_TASK BRIEF_: In the entries below, begin at the line with "Locoregional staging of" and stop after the line with "Electrolux B1100-3 manual"; output those lines exactly and omit the pictures.

_THE INPUT_:
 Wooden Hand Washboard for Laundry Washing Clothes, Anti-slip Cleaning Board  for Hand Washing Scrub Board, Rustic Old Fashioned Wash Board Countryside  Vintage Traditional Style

--

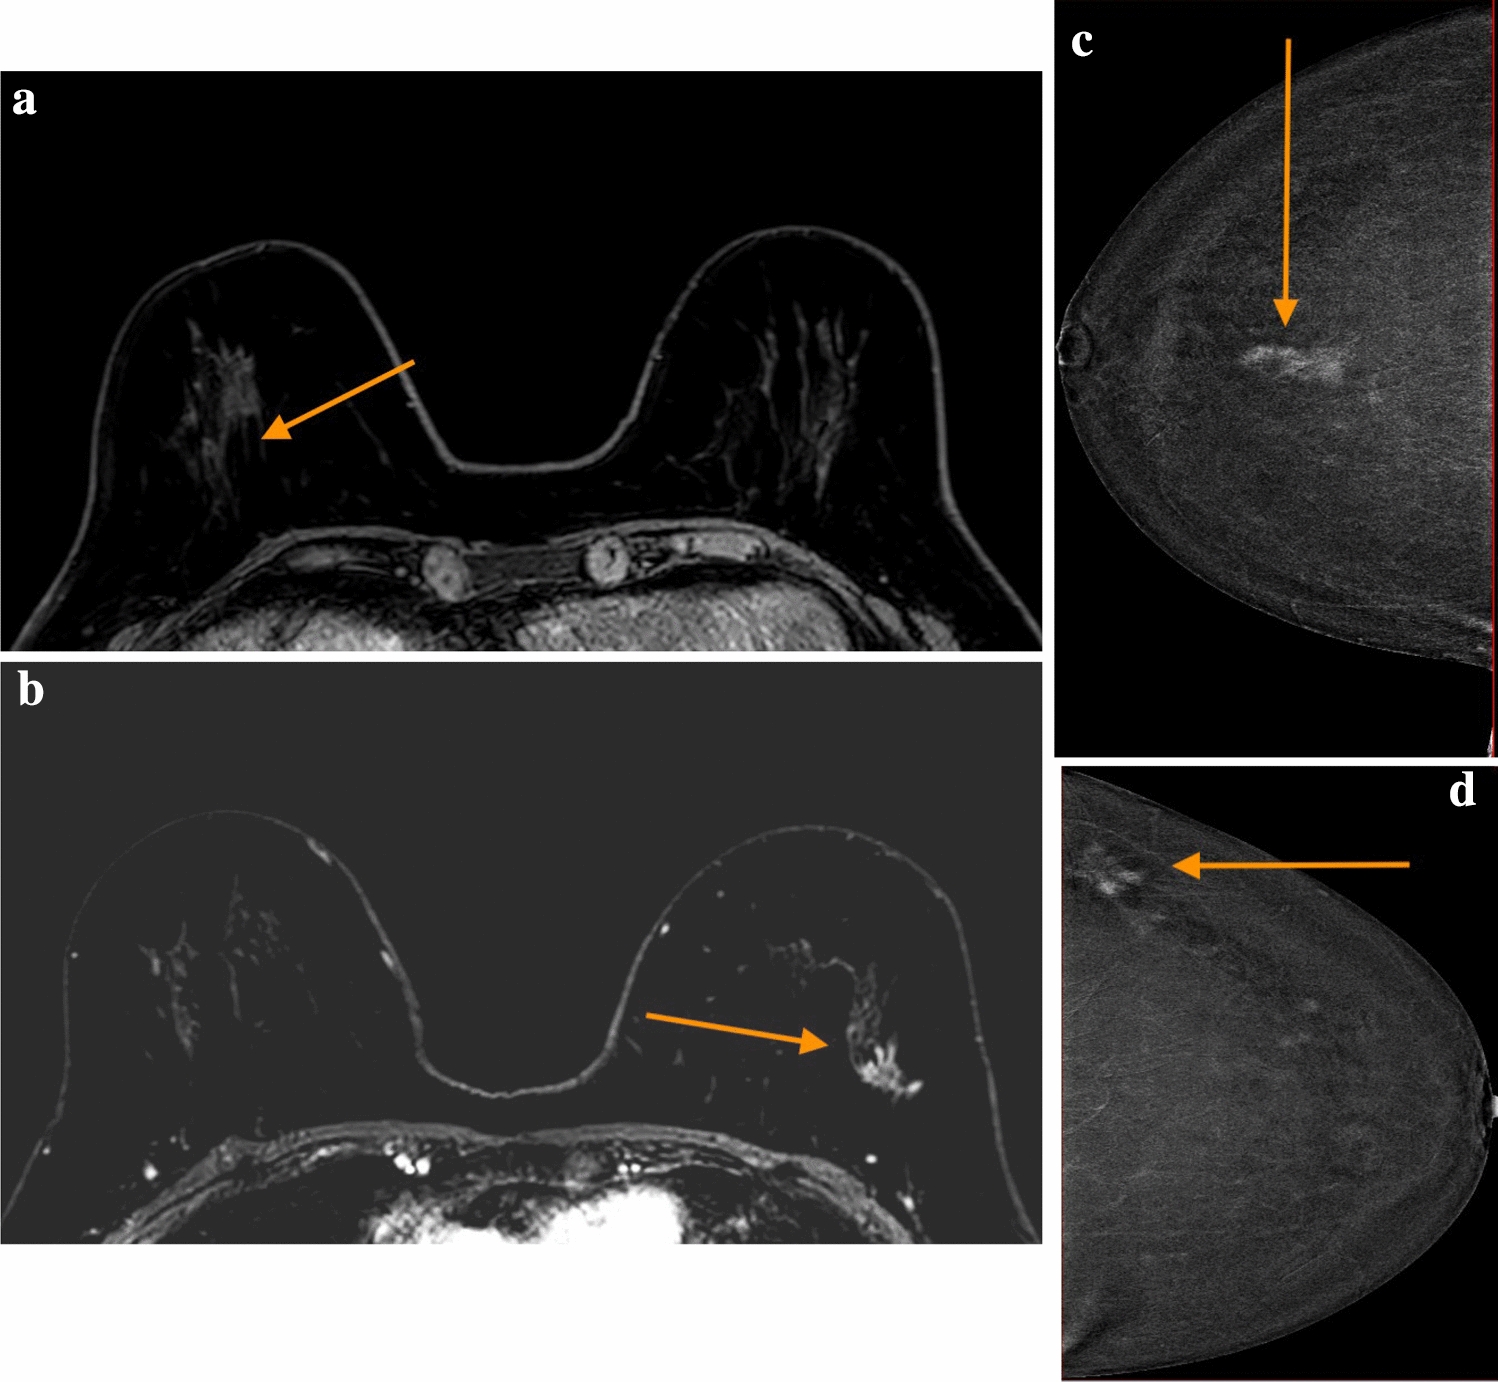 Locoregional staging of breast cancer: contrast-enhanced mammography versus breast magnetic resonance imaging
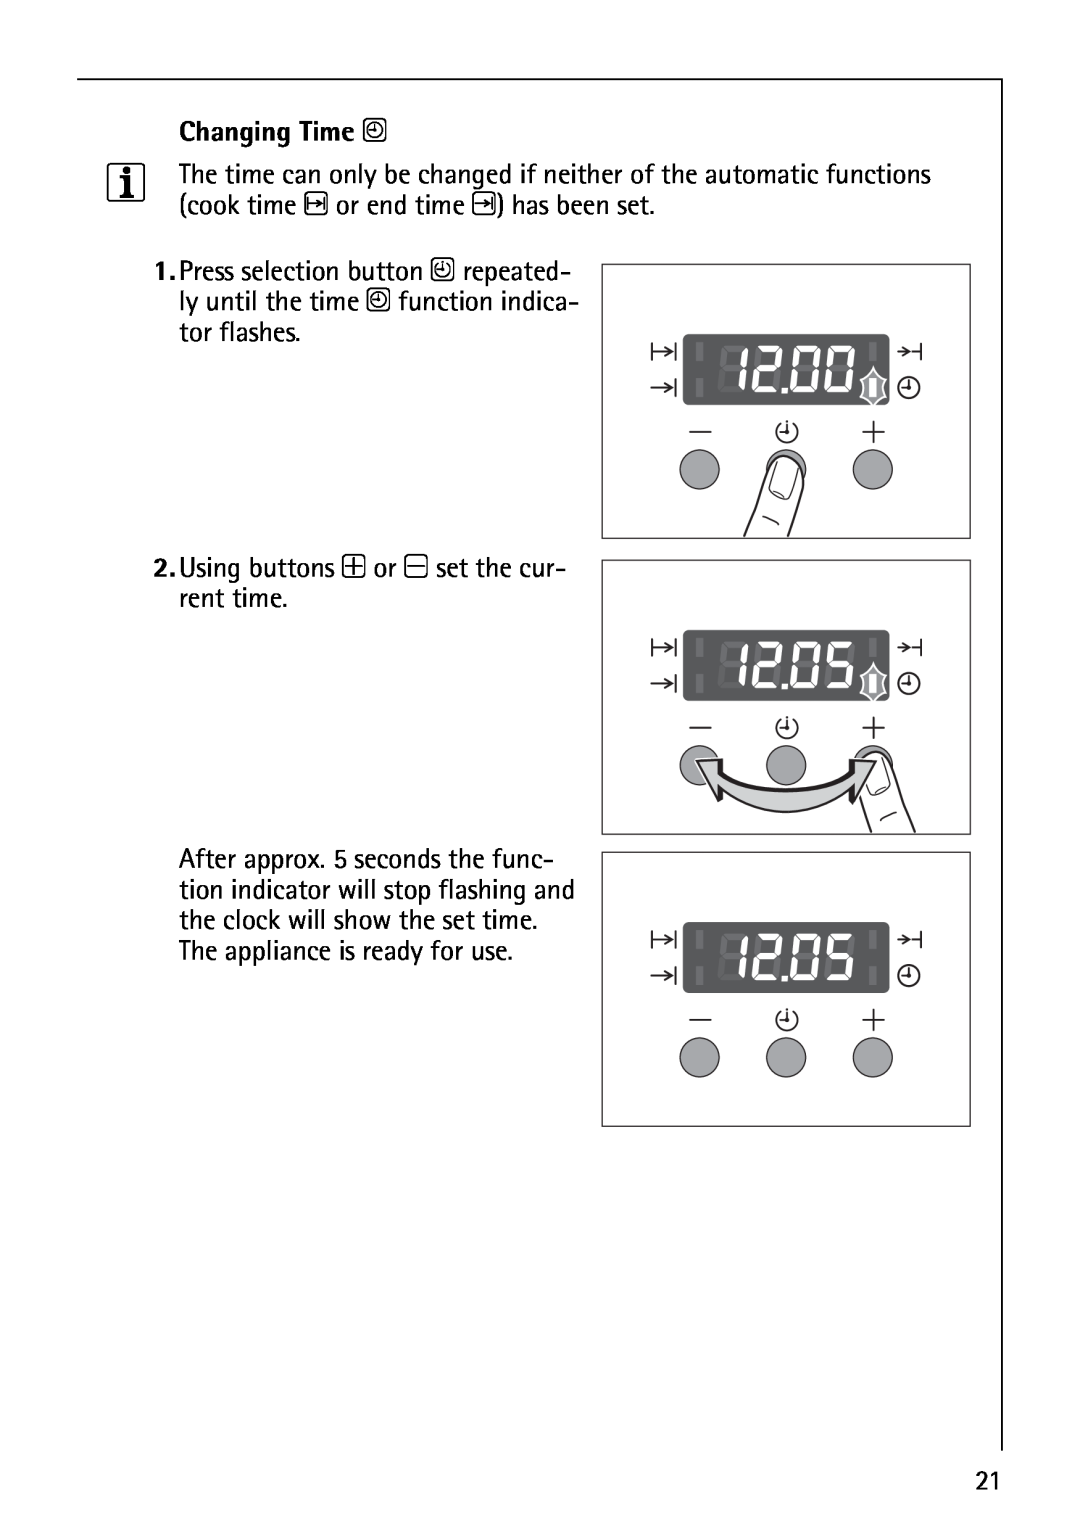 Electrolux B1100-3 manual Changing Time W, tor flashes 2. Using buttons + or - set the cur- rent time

* * *

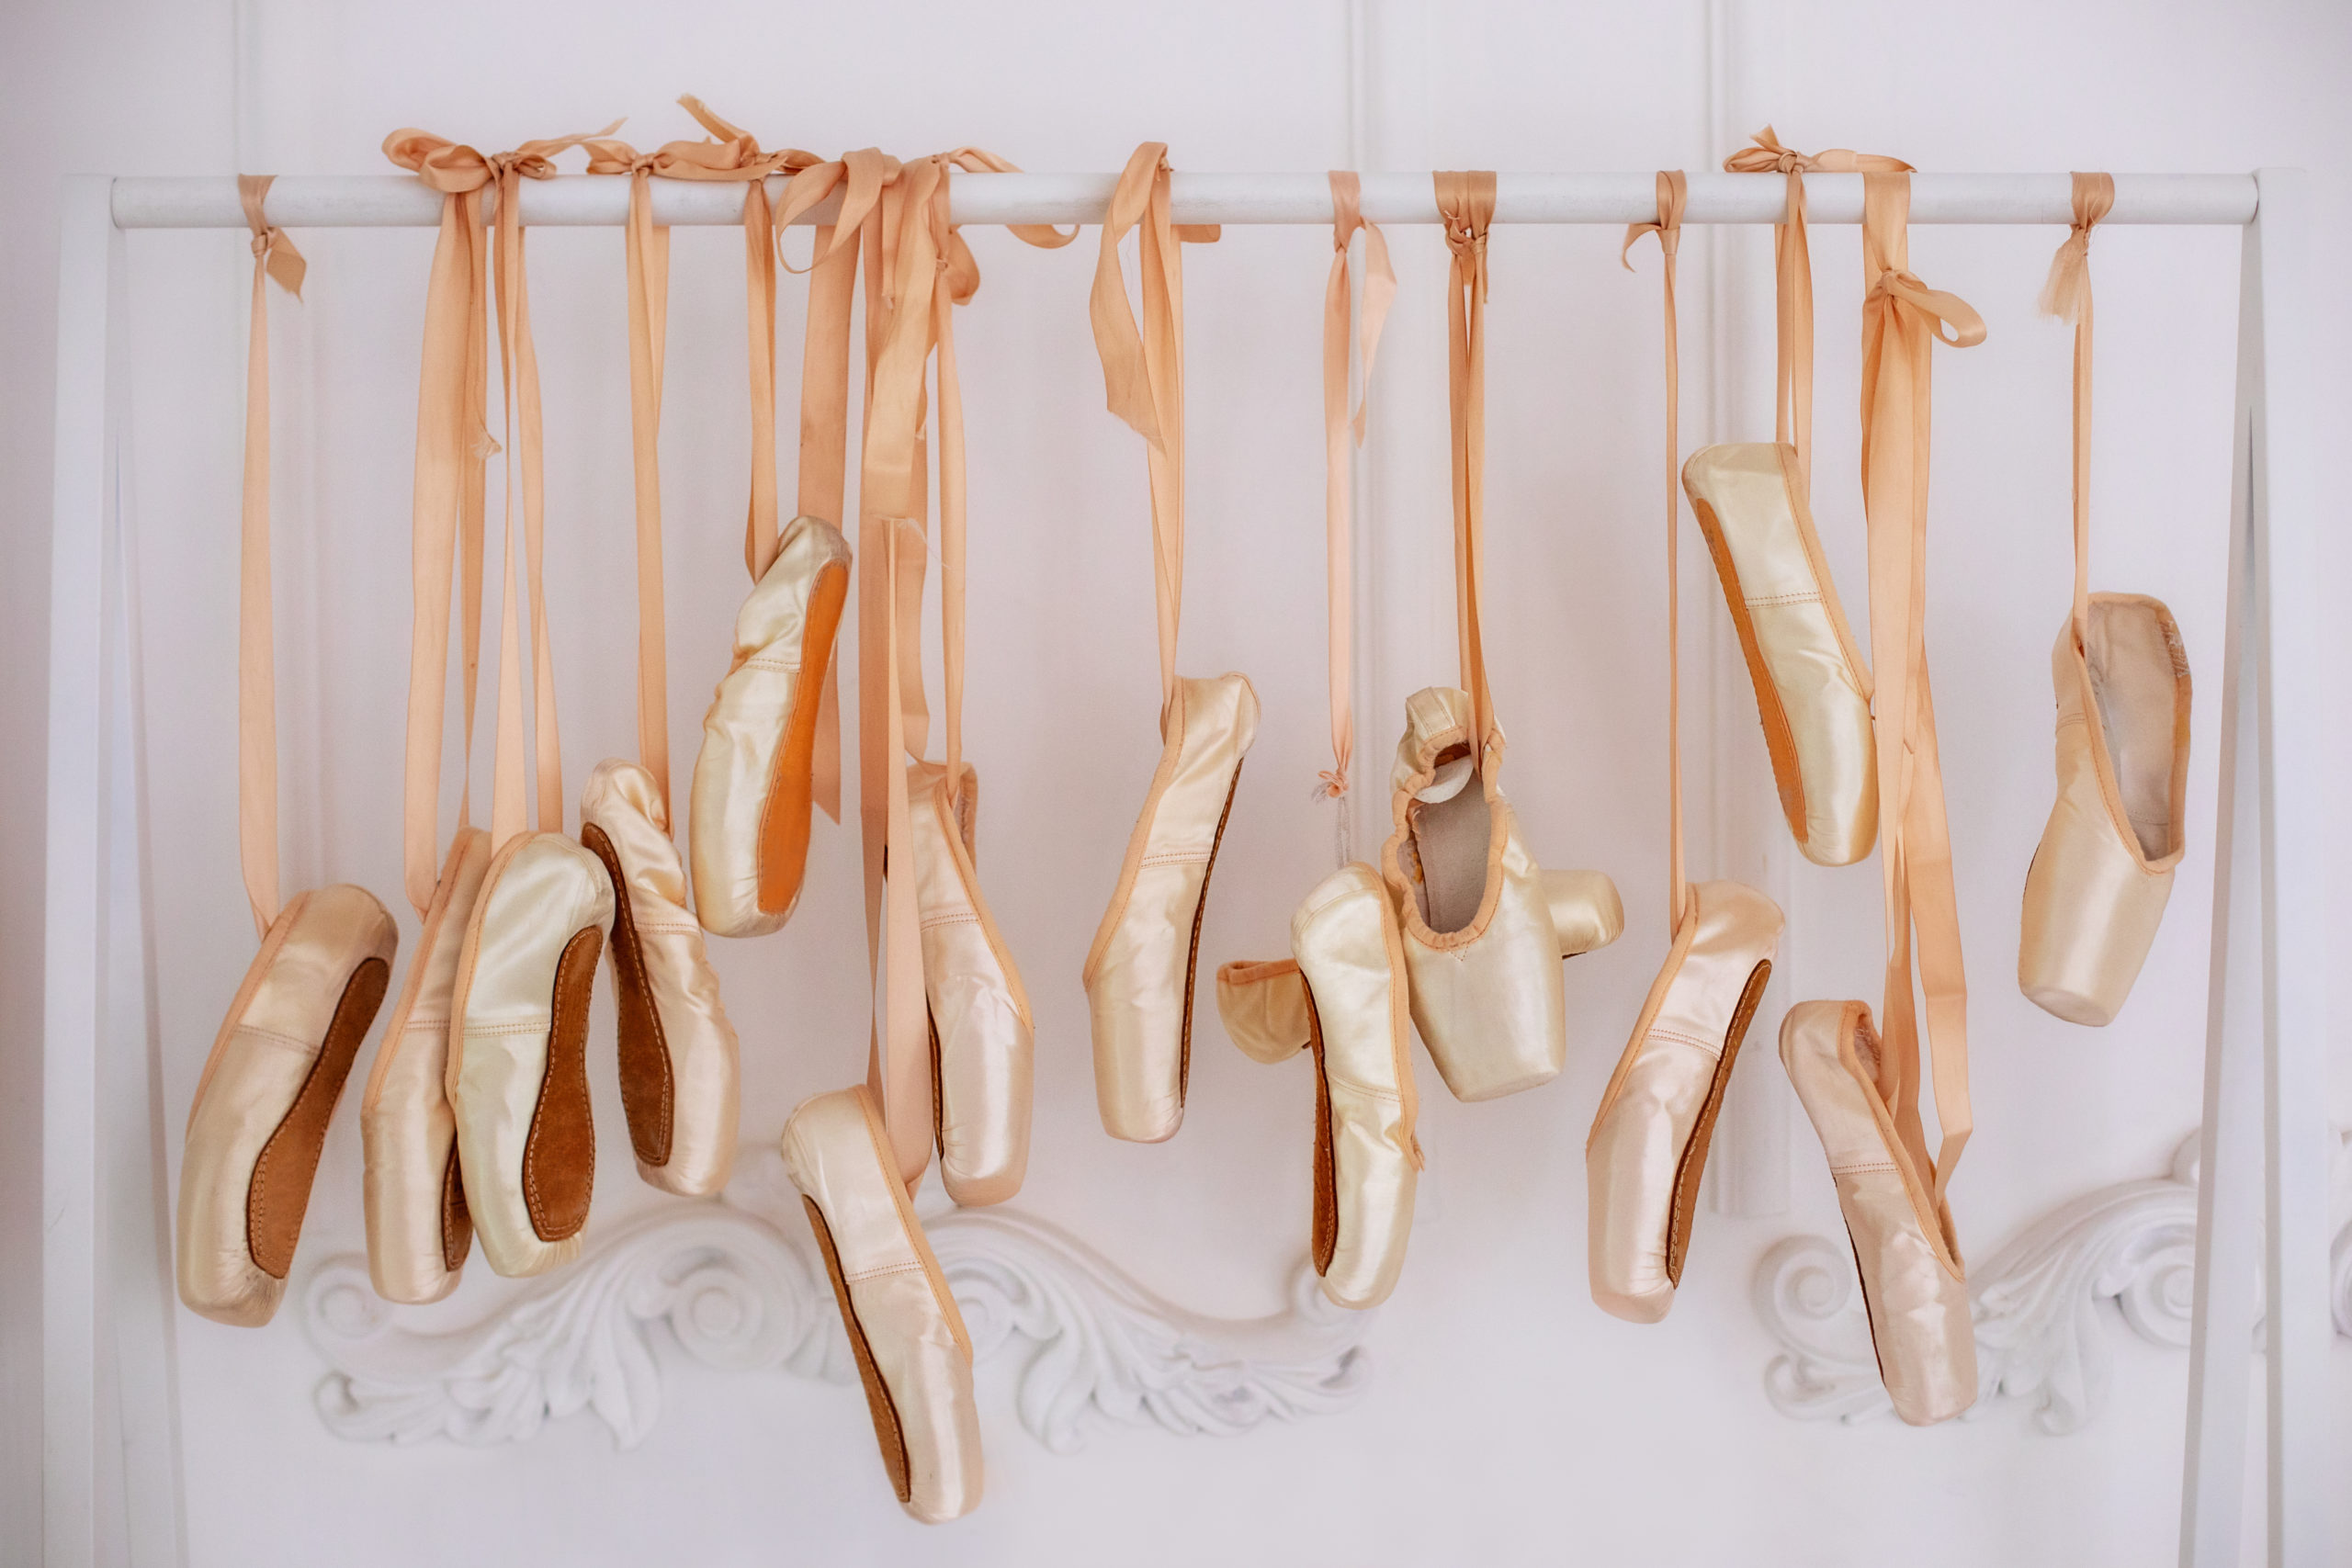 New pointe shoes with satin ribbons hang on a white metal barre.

_EXERCISE RESULT_:
 Locoregional staging of breast cancer: contrast-enhanced mammography versus breast magnetic resonance imaging
 Electrolux B1100-3 manual Changing Time W, tor flashes 2. Using buttons + or - set the cur- rent time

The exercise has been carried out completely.